Money Insights
The Stigma Has Gone

Less than one hundred years ago the stigma of borrowing was palpable. Everyone was interested in making sure that they kept their debt commitments as low as possible. The idea of mortgage refinancing was virtually unheard of unless you were getting bankrupt and desperately needed some cash to avoid being sent to the debtor’s prison. Young people were encouraged to live within their means and only buy things that they could afford at the time without having to rely on a loan.
Things have drastically changed since those days. With the rise in income the banks have suddenly become more able to lend vast amount of money to businesses and people. Sometime this has led to dire consequences where people are unable to pay back the money that was lent to them. A credit rating is now one of the most prized assets for anyone living within the developed world and it appears that you do not have to do very much in order to obtain credit.
It is in the midst of this boon in credit services that the mortgage refinance project has taken sway. This kind of instrument involves borrowing against the equity of your house or other mortgaged asset. The idea is that the bank will hold that equity in reducing proportions as you pay off the debt. If you fail to pay the debt, then they can either take the house or resell it to recover their losses or they can obtain a court order to force you to sell the house in such a way as to pay them back their money.
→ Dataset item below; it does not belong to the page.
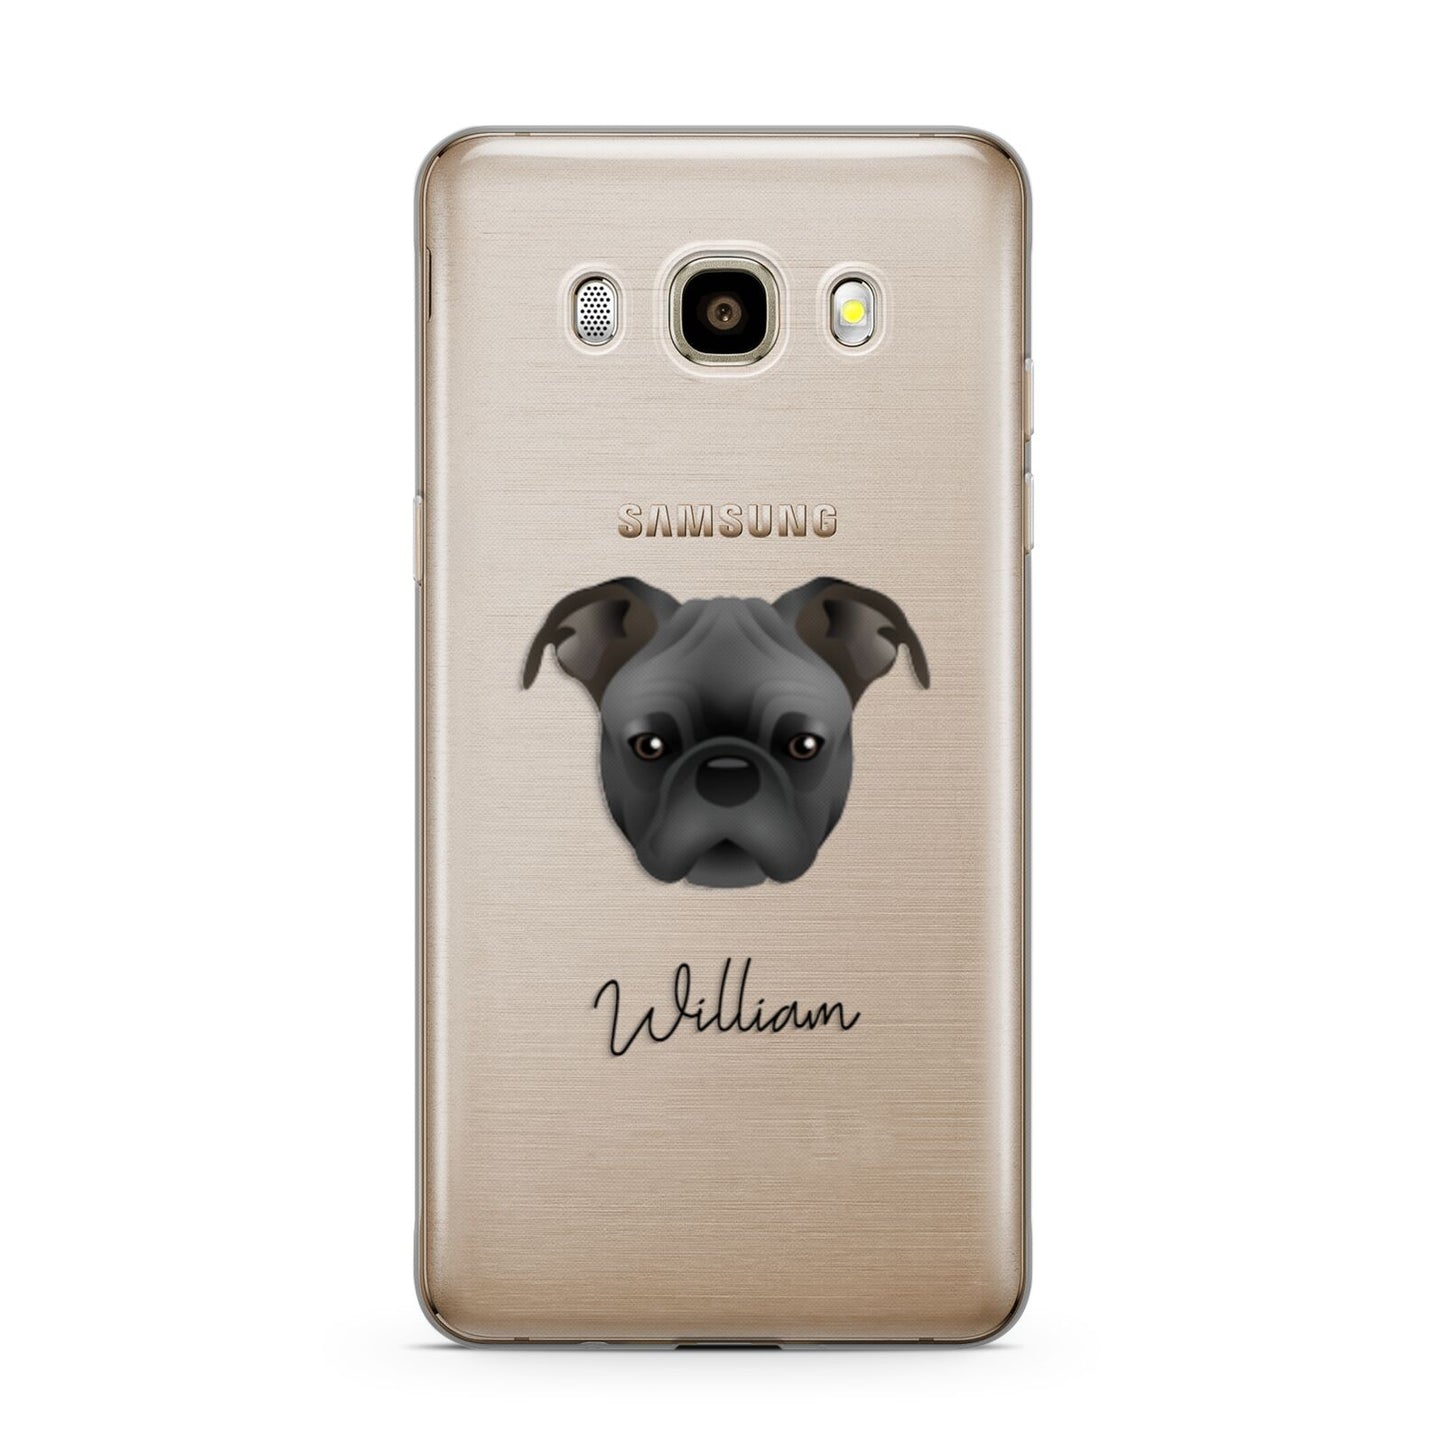 Bugg Personalised Samsung Galaxy J7 2016 Case on gold phone

The Underlying Reasons for the Popularity of Refinancing
The refinance system is very popular with both the business community and private individuals who own mortgaged homes. As the level of unfunded debt grew, the banks decided to think of ways of mitigating their risks. One way of mitigating the risk of nonpayment was to attach the payment schedule to an existing asset. This meant that if it became a bad loan, as many did become in the nineteen eighties, then the lender had an asset or equity to fall back on.

Mortgages are also quite long term solutions in terms of raising cash because you would normally only be able to liquidate the equity at the end of the lifetime of the loan. This normally ranged between twenty five and fifty two years. That is a very long time to wait for payment. The alternative solution was to refinance the mortgage and receive cash at the present.
The fact that house prices houses were rising rapidly meant that people were not afraid to borrow against their own homes. The calculation was that the end product would be so valuable that any mortgage intermediary issues would be resolved. The ideal situation would be that the final value of the house would more than cover the cost of any refinancing projects that occurred between the initial mortgage agreement and the final settlement. This solution worked until the house prices started to fall.